Over and over, the song rang out in Zulu, a cadence that had summoned the strength of black South Africa in its struggle to end white minority rule: “Hold it / you fighters / The sound of your machines / reminds me / of Oliver Tambo!”

Engulfed by 2,500 people belting out the chorus of the famous African National Congress (ANC) tribute to a movement hero, I watched awestruck as protesters danced the toi toi, another expression of the anti-apartheid struggle. I’d seen countless newsreels of this sort of defiant celebration. Now, with apartheid history, I listened as a new generation of fighters told the world that the war for their lives has begun again.

“The toi toi gives me strength. I bring down this foot,” said HIVer-activist Mercy Makhalemele, stamping down one foot while raising the other high, “and I feel it. I bring down the other foot” -- her boot crashed to the cement -- “and I feel it.”

That’s just the reaction that organizers of this July 9 march through downtown Durban sought to spark among the 4.2 million South Africans who are HIV positive: a renewed spirit of resistance against what they consider the nation’s new oppressors -- multinational pharmaceutical companies.
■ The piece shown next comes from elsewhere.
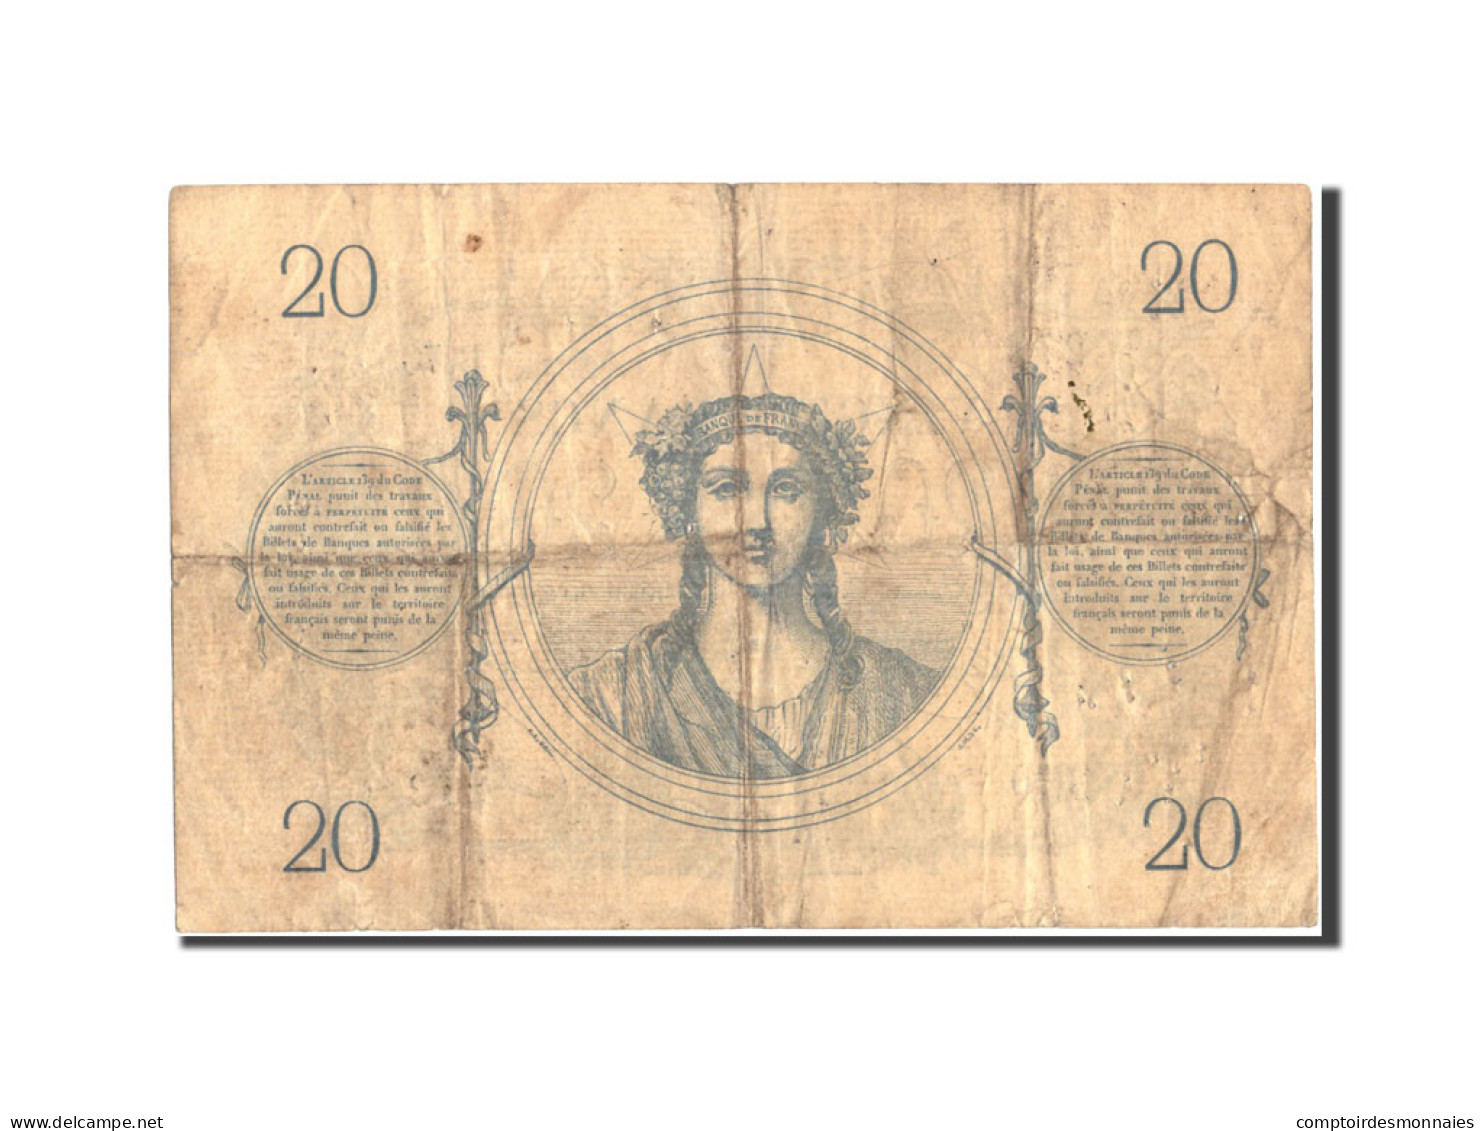 Billet, France, 20 Francs, ...-1889 Circulated During XIXth, 1871, 1871-05-09 - ...-1889 Francs Im 19. Jh.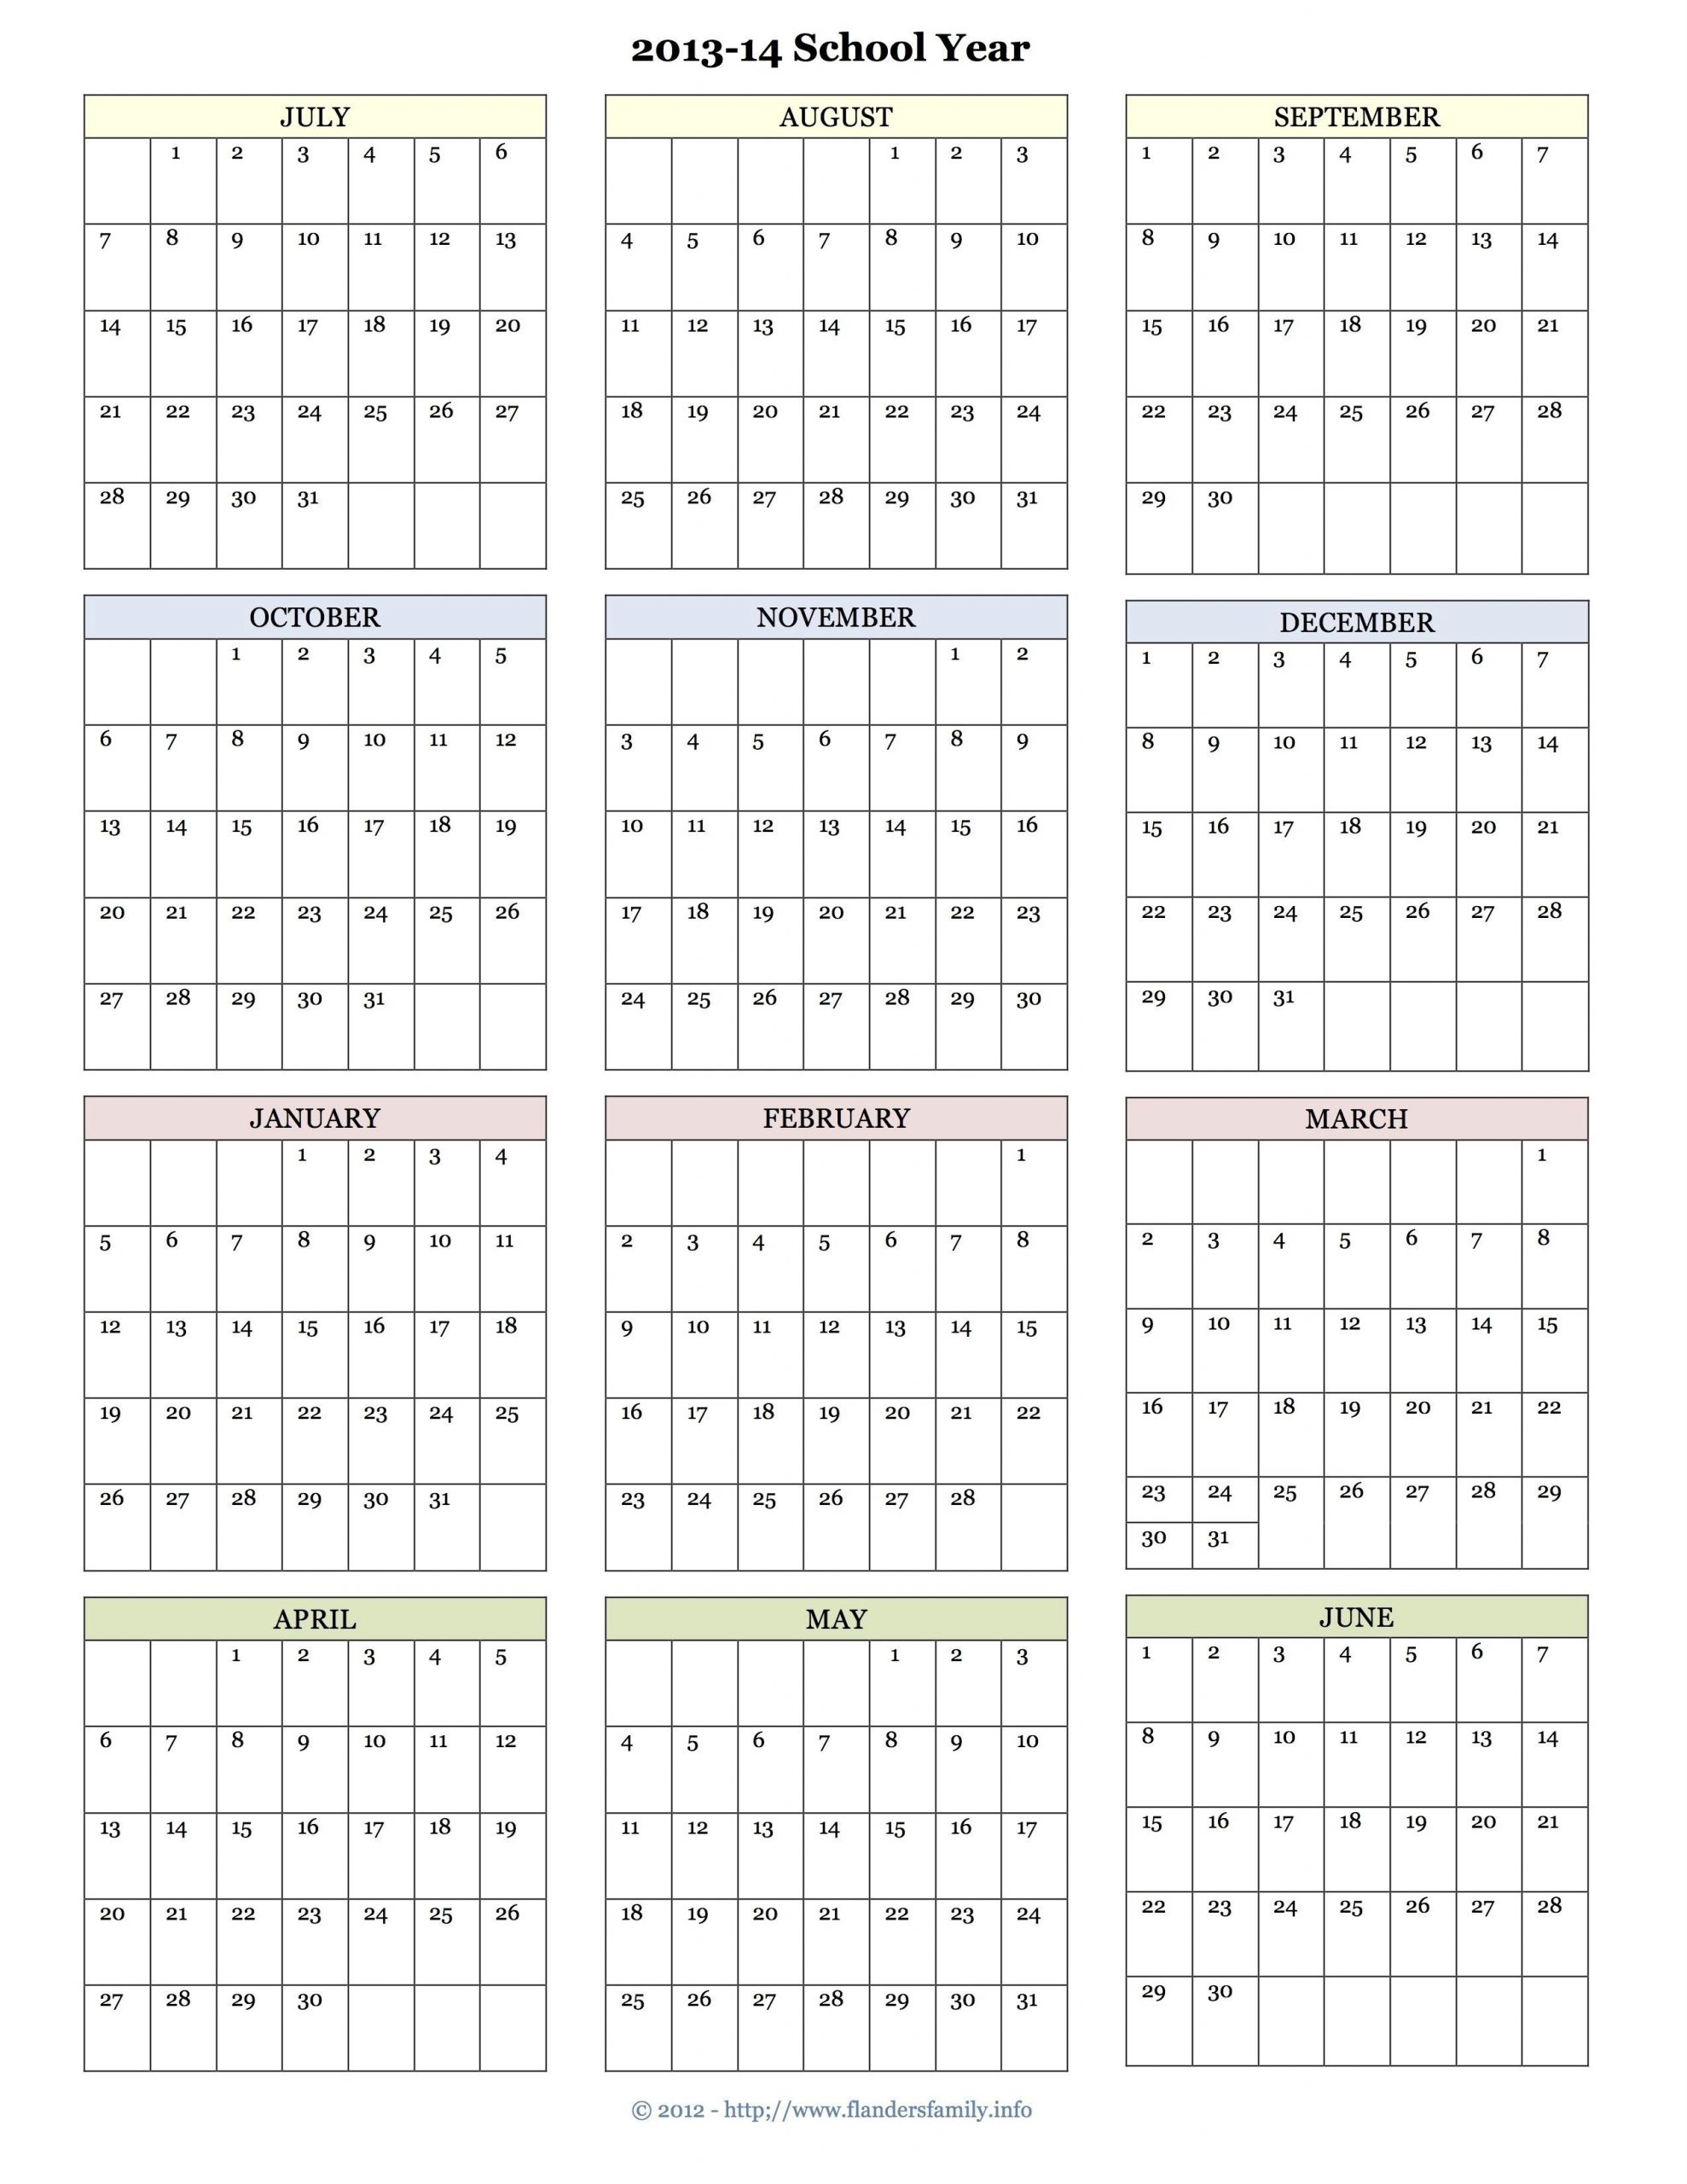 Depo Shot Calendar 2019 Depo Provera Injection Calendar 2018  Depo-Provera 14 Week Schedule

South Africa’s Treatment Action Campaign (TAC) organized the protest in partnership with the U.S.-based Health GAP Coalition, with scores of conferees from abroad joining in. The march, which nearly upstaged the opening of the conference, revealed a growing impatience among black South Africans from poor townships, both with drug-company price gouging and with their own government’s equivocation about providing basic medications for HIV-related illnesses.

“The drug companies are strong. But we have right on our side,” said Zackie Achmat, a TAC leader. “We did not stop apartheid by not fighting. We can’t stop HIV without a fight.”

The march witnessed the reassembly of the old anti-apartheid coalition -- including a major trade-union confederation, the South African Communist Party and rank-and-filers from the ANC. But the most dramatic link between past and present came when Winnie Madikizela-Mandela, a national hero for her decades-long resistance to apartheid, addressed the rally. Youthful protesters screamed like adoring fans seeing a rap star, but her song went this way: “Today we are marching again. It is part of the long walk to freedom. We brought down apartheid -- who are the pharmaceuticals?”